DUBLIN.- IMMA (Irish Museum of Modern Art) is presenting Revenants, a solo exhibition by Irish artist Kevin Mooney. Featuring a cross-section of key works made between 2016 and 2022, Revenants reflects Mooney's ongoing commitment to creating a 'speculative art history', one which imagines the 'lost' art of an Irish diaspora.
As a colonised nation, there are large gaps in the record of our art history caused by poverty, famine and mass migration. Revenants marks the gaps in our visual culture as a traumatic break and a reverberant event in the Irish psyche. Through a distinctive approach to figuration that draws on sources as varied as Vincent Van Gogh, Irish mythology and 1980s horror films, Mooney's work reconsiders these gaps and reverse-engineers the lost art of this Irish diaspora, imagining it as a mutant absurdist folklore, and, in the process opening up questions about cultural influence and transformation.
Hybridising imagery and visual languages from disparate traditions of painting and material culture, Mooney's work punctures some of the clichés of an Irish vernacular aesthetic, and opens up a space to reflect critically on the highly selective nature of popular history. By imaging the spectres of this 'lost' Irish art, Revenants reminds us that ghost stories are as revealing as they are disturbing, in that they point to the complexities of our culture, past and present.

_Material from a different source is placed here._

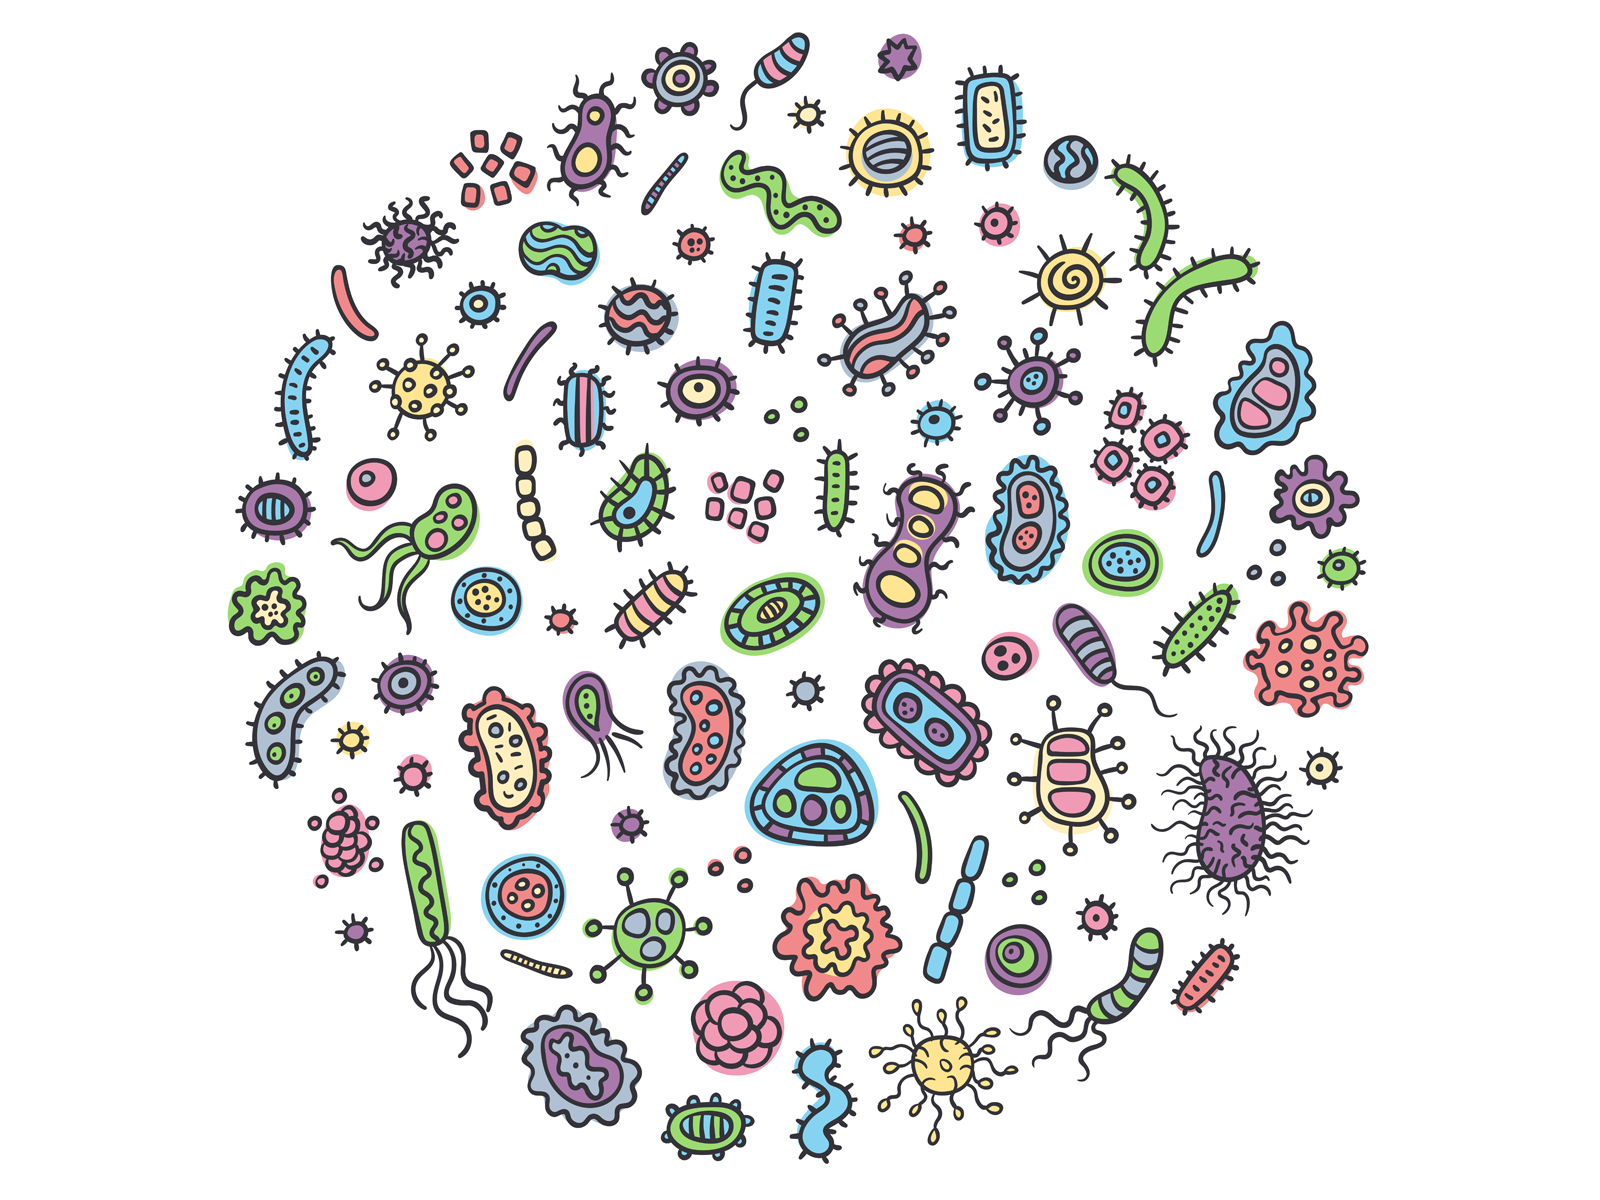 Примитивные организмы бактерии и вирусы

Kevin Mooney is a Cork-based artist who graduated from the MFA program in NCAD in 2012, and from the MTU Crawford College of Art and Design in 1997. The exhibition is curated by Sarah Kelleher, arts writer and Government of Ireland scholar. The exhibition at IMMA is the culmination of a major series of exhibitions in which Mooney explores the 'what might have been' in Irish art history and visual culture.